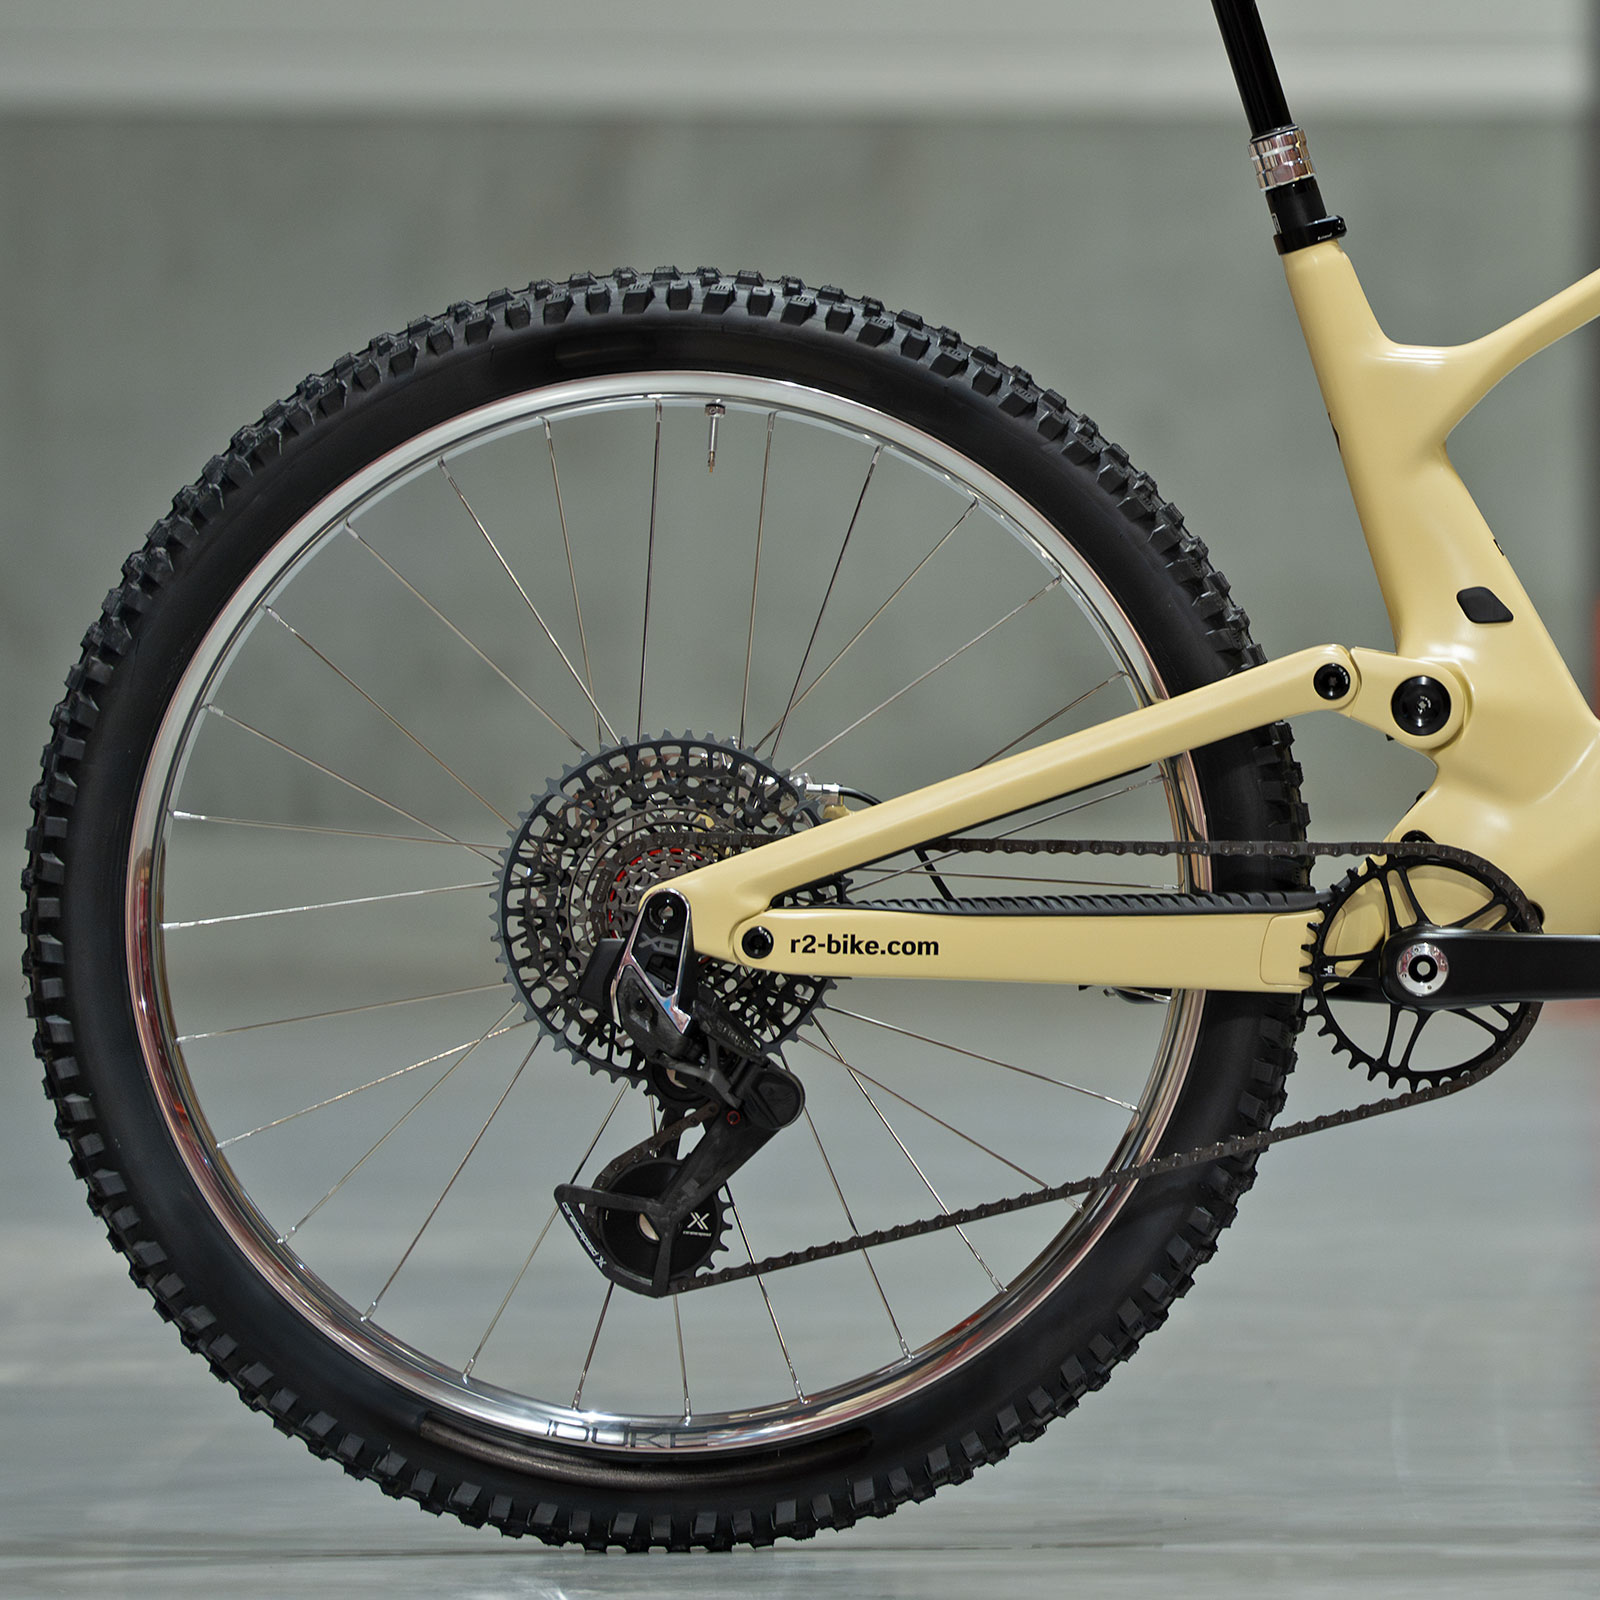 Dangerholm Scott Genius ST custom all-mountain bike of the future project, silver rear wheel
------------------------------------------------------------------------
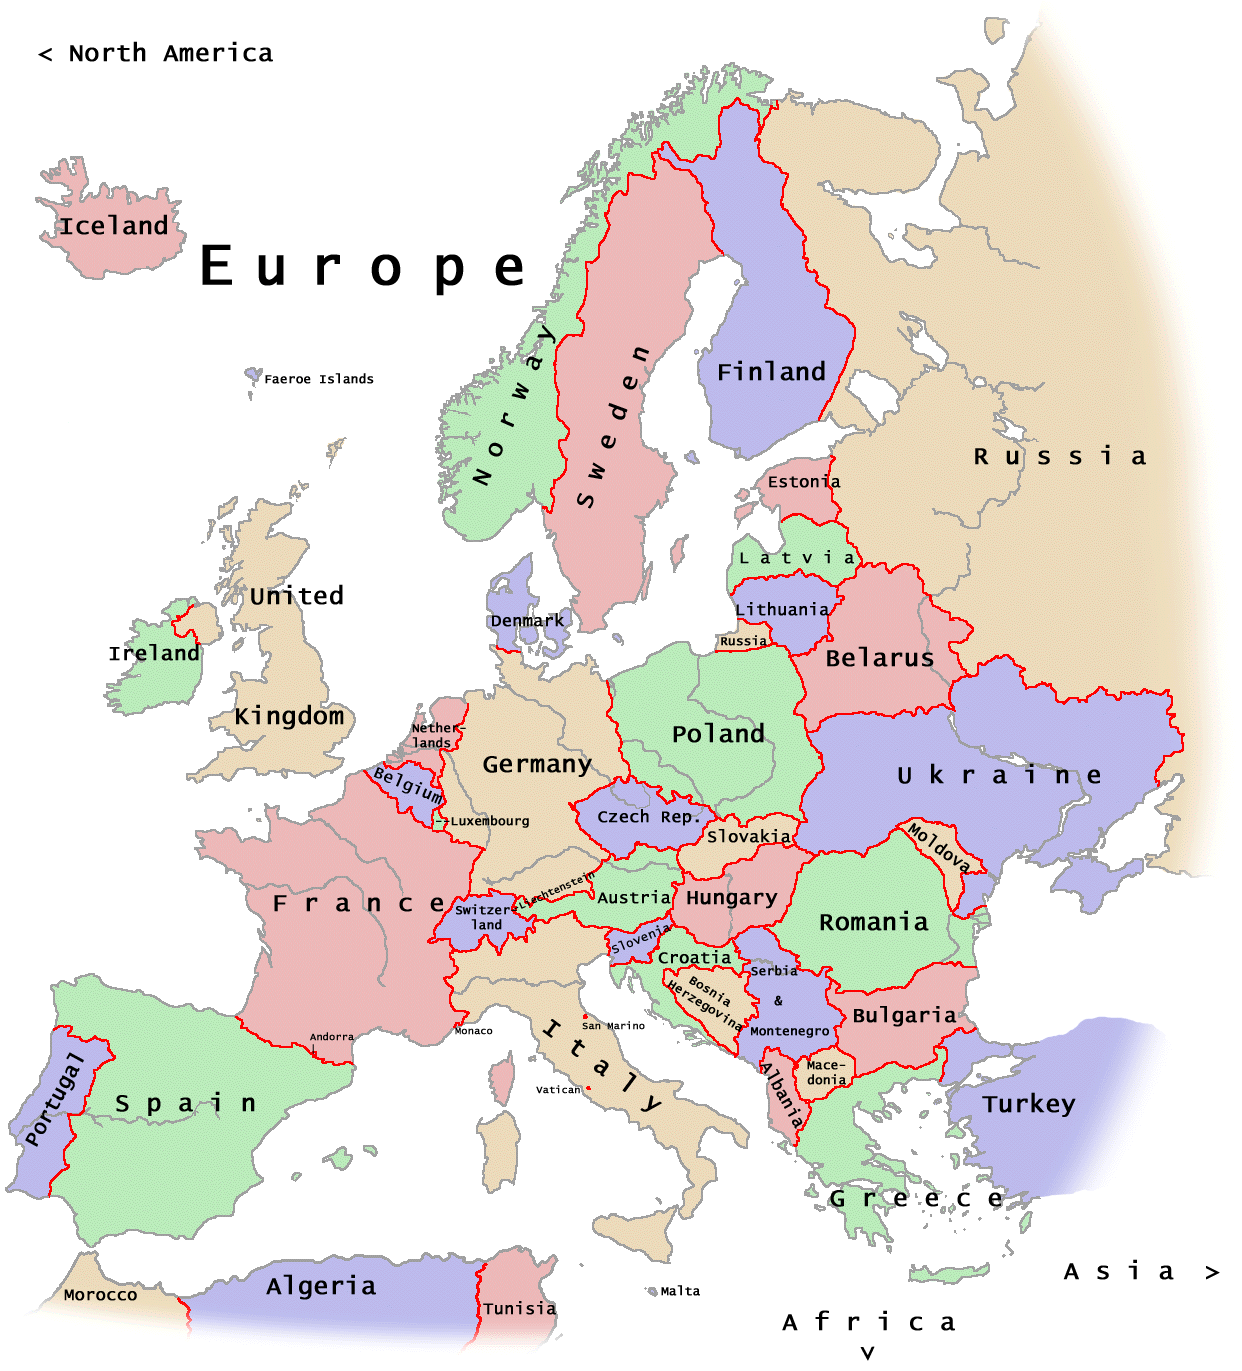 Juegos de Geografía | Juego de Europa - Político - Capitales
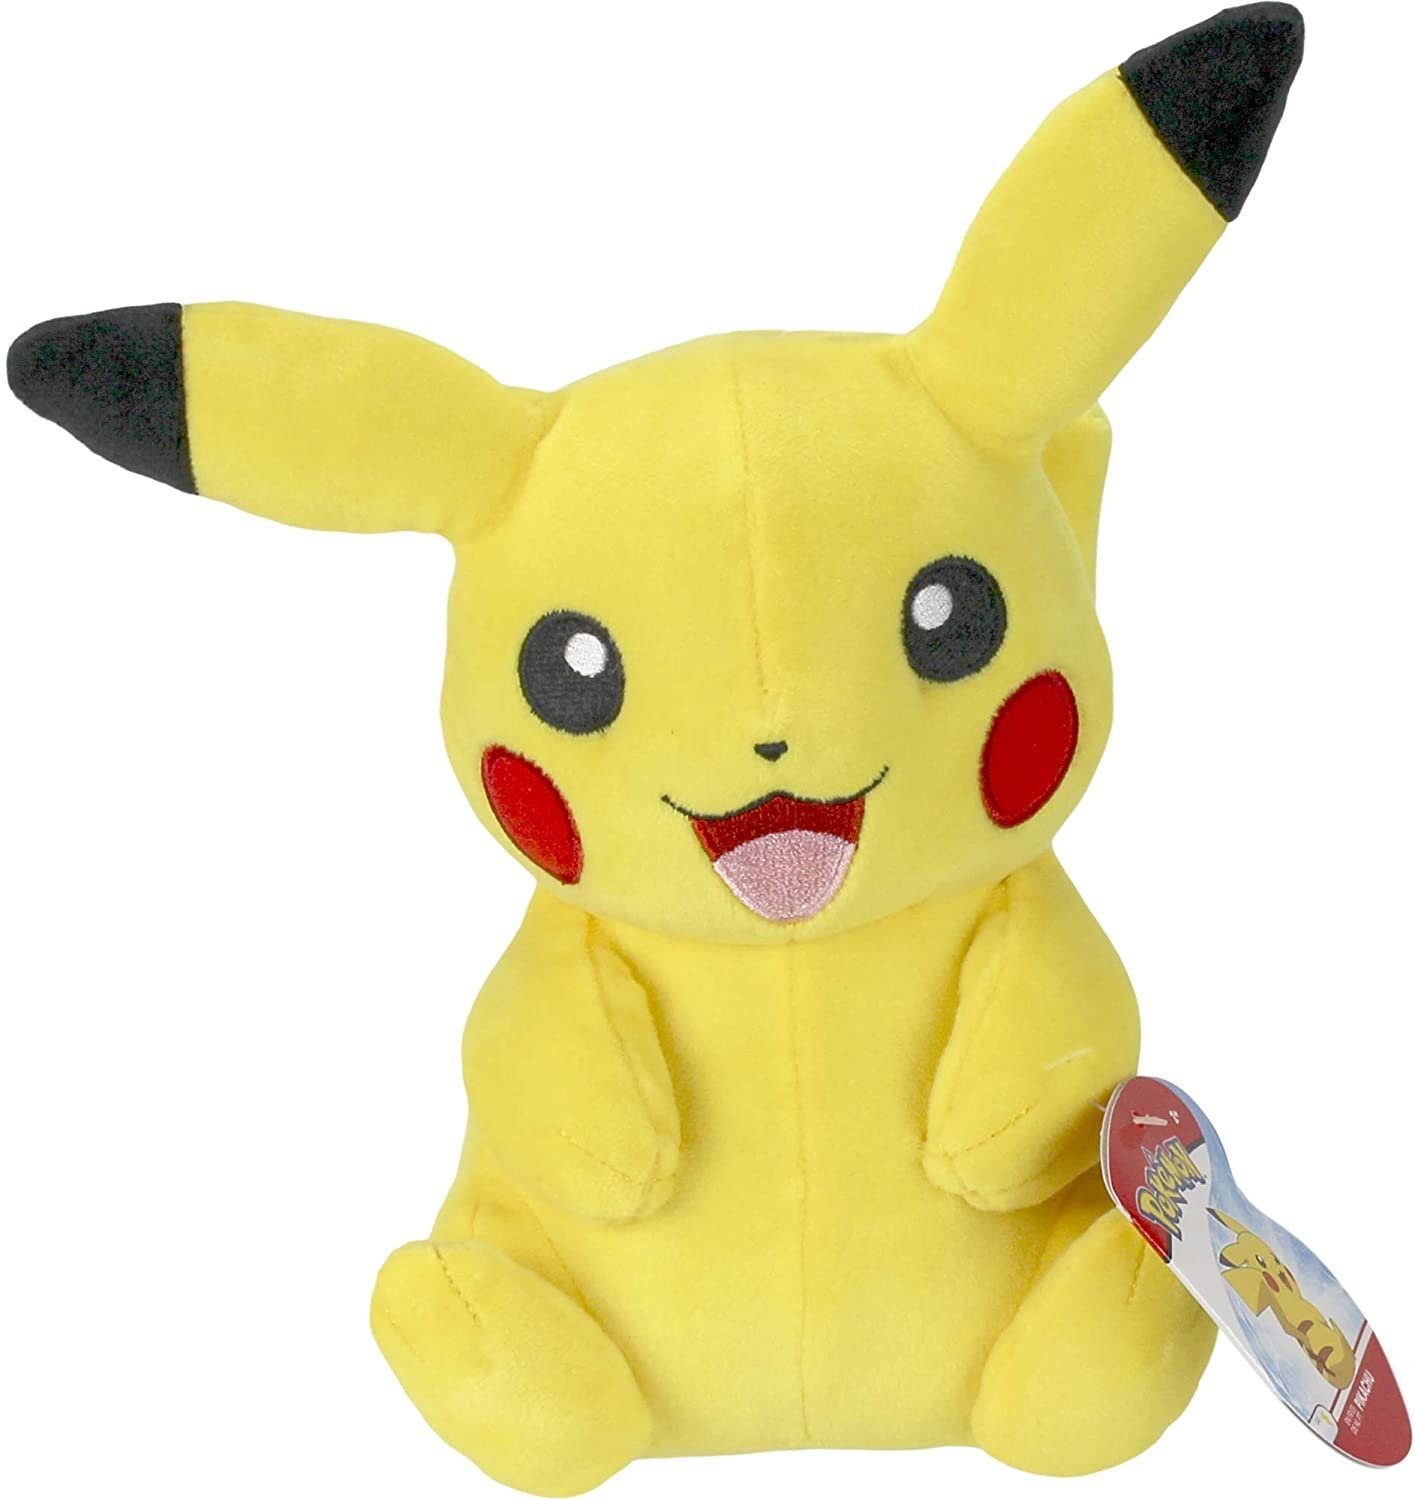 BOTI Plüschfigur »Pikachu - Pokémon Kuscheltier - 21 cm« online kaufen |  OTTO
------------------------------------------------------------------------
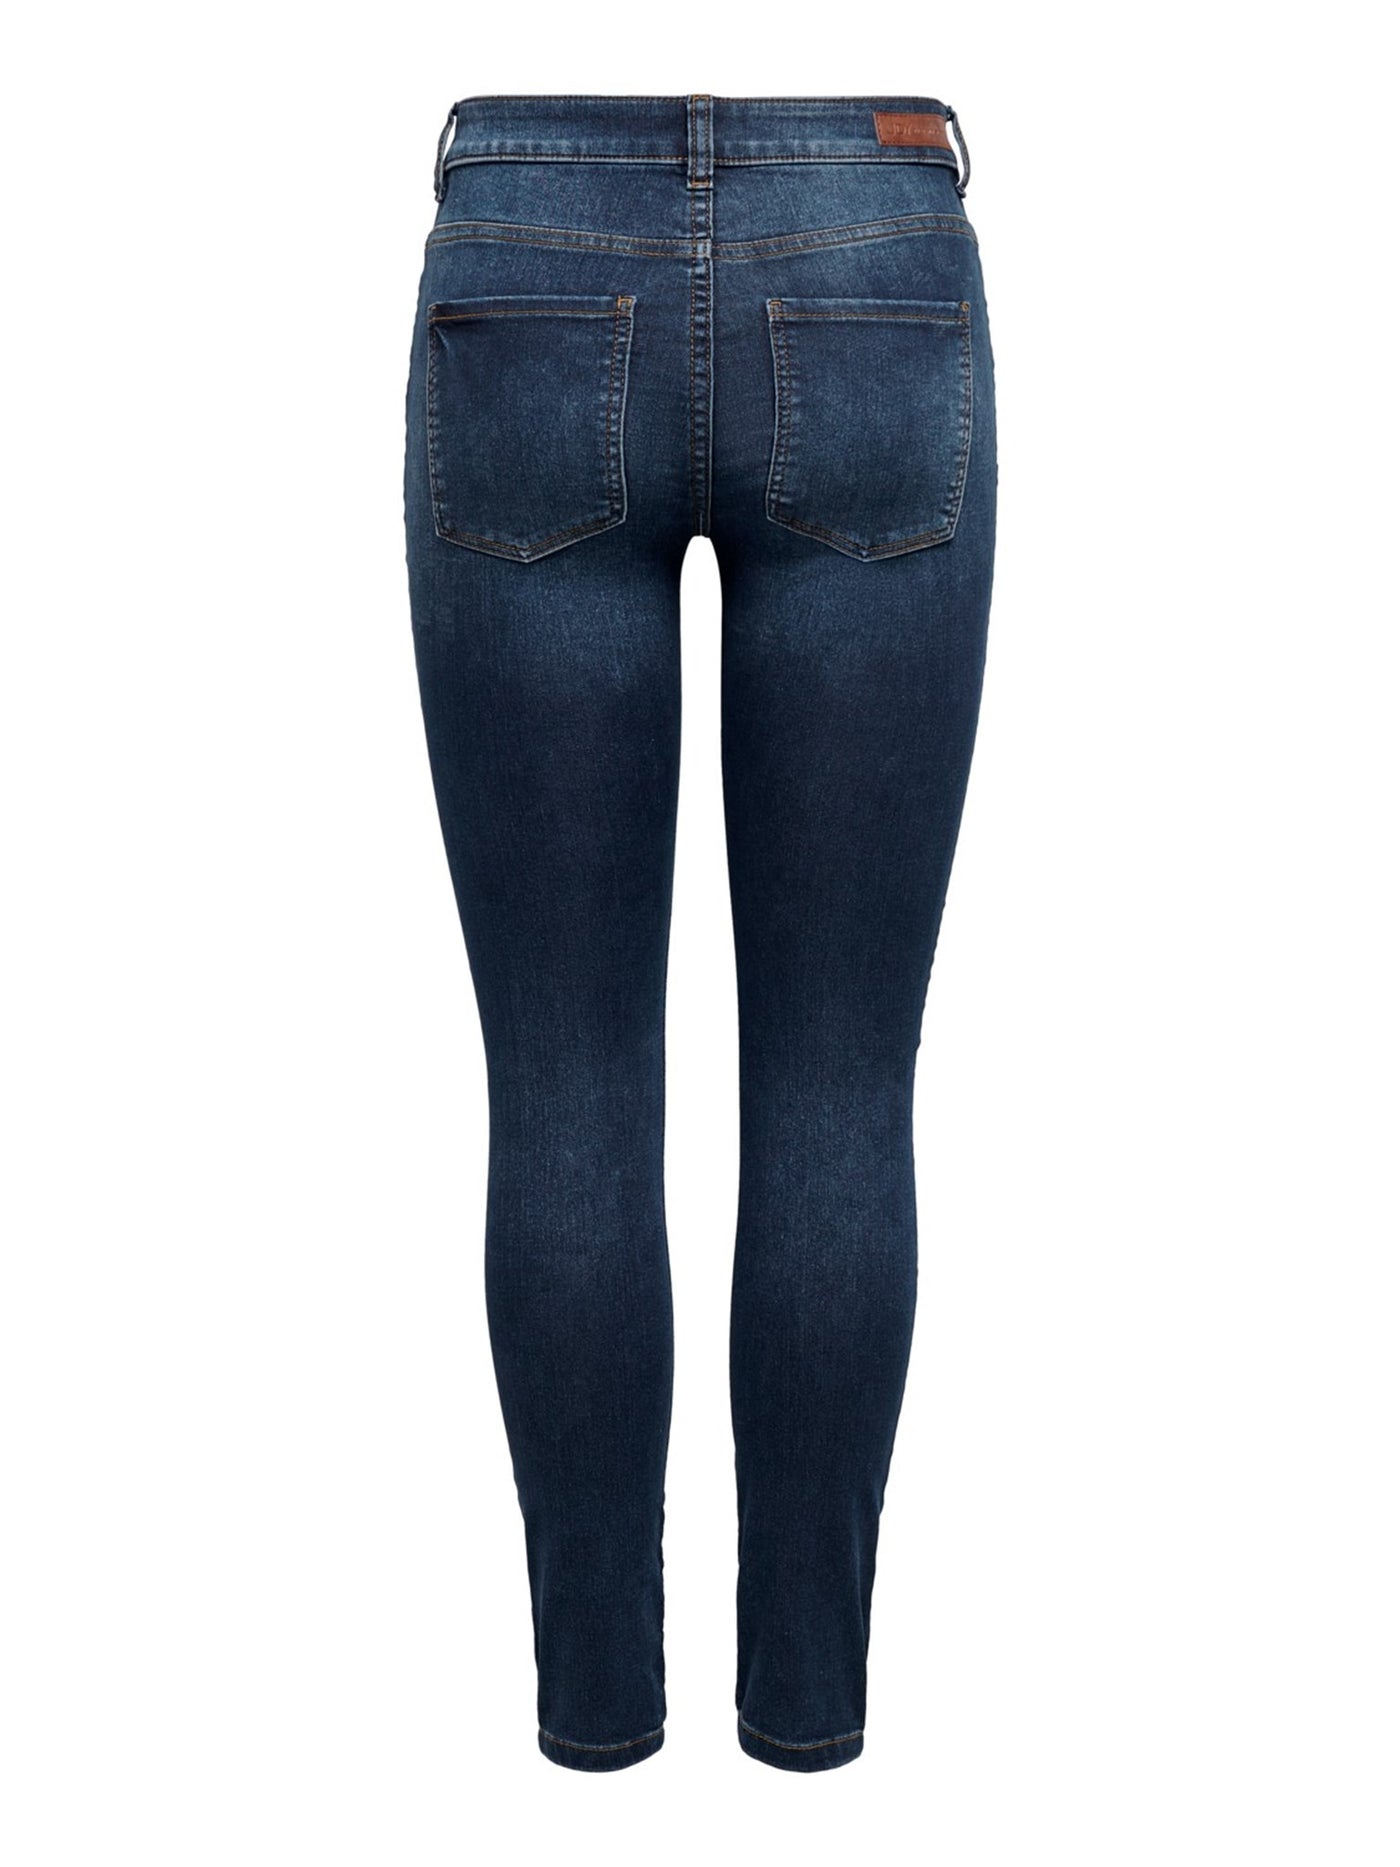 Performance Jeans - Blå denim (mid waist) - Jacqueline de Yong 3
------------------------------------------------------------------------
## Try it
When copying from the data above, begin at the line containing "Juegos de Geografía" and end at the line containing "- Pokémon Kuscheltier"; return those lines exactly and leave all pictures behind.

## Output below
 Juegos de Geografía | Juego de Europa - Político - Capitales
 BOTI Plüschfigur »Pikachu - Pokémon Kuscheltier - 21 cm« online kaufen |  OTTO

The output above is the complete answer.